The electrolyte flow rates of vanadium redox flow battery play very important role in terms of ion transfer to electrolyte, kinetics and pump efficiency in system. In this paper a vanadium redox flow battery single cell was tested to suggest the optimization criteria of electrolyte flow rates on the efficiencies. The compared electrolyte circulation flow rates in this experimental work were 15, 30 and 45 mL/min. The charge/discharge characteristics of the flow rate of 30 mL/min was the best out of all flow rates in terms of charging and discharging time. The current efficiencies, voltage efficiencies and energy efficiencies at the flow rate of 30 mL/min were the best.

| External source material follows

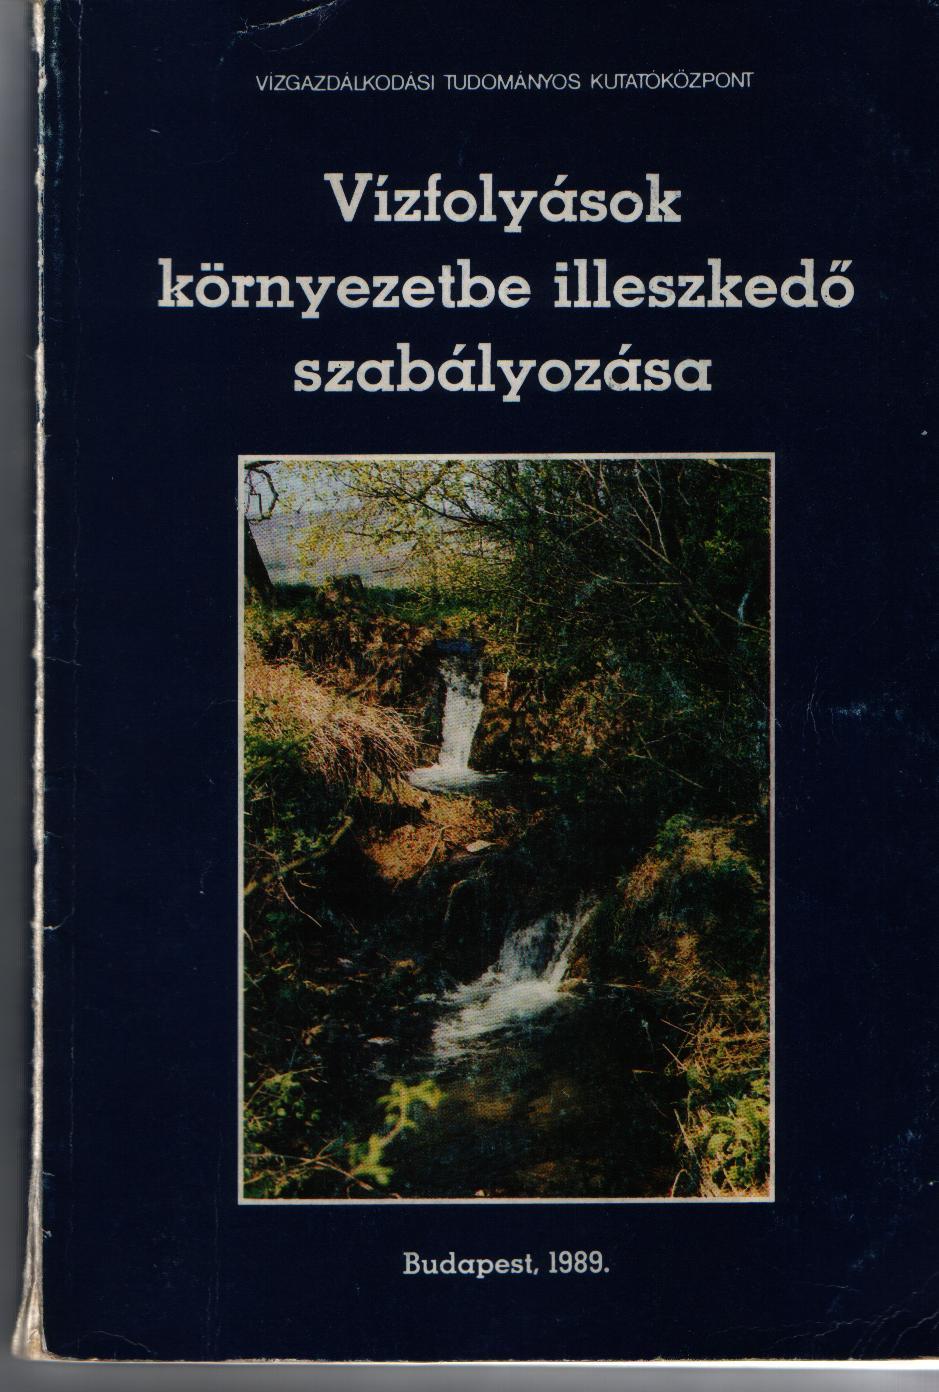 A Dr. Bognár György szerkesztette, agyonhallgatott Vízfolyások környezetbe illeszkedő szabályozása (VITUKI, 1987) c. alapmunka borítólapja

The IR losses obtained at thd current density of $40mA/cm^2$, at the flow rates of 15, 30 and 45 mL/min were 0.085 V, 0.042 V and 0.115 V, respectively. The charge efficiencies at the current density of $40mA/cm^2$ were 96.42%, 96.45% and 96.29% for the electrolyte flow rates of 15, 30 and 45 mL/min, respectively. The voltge efficiencies at the current density of $40mA/cm^2$ were 77.34%, 80.62% and 76.10% for the electrolyte flow rates of 15, 30 and 45 mL/min, respectively. Finally, the energy efficiencies at the current density of $40mA/cm^2$ were 74.57%, 77.76% and 73.27% for the electrolyte flow rates of 15, 30 and 45 mL/min, respectively. The optimum flow rates of electrolytes were 20 mL/min in most of operating variables of vanadium redox flow battery.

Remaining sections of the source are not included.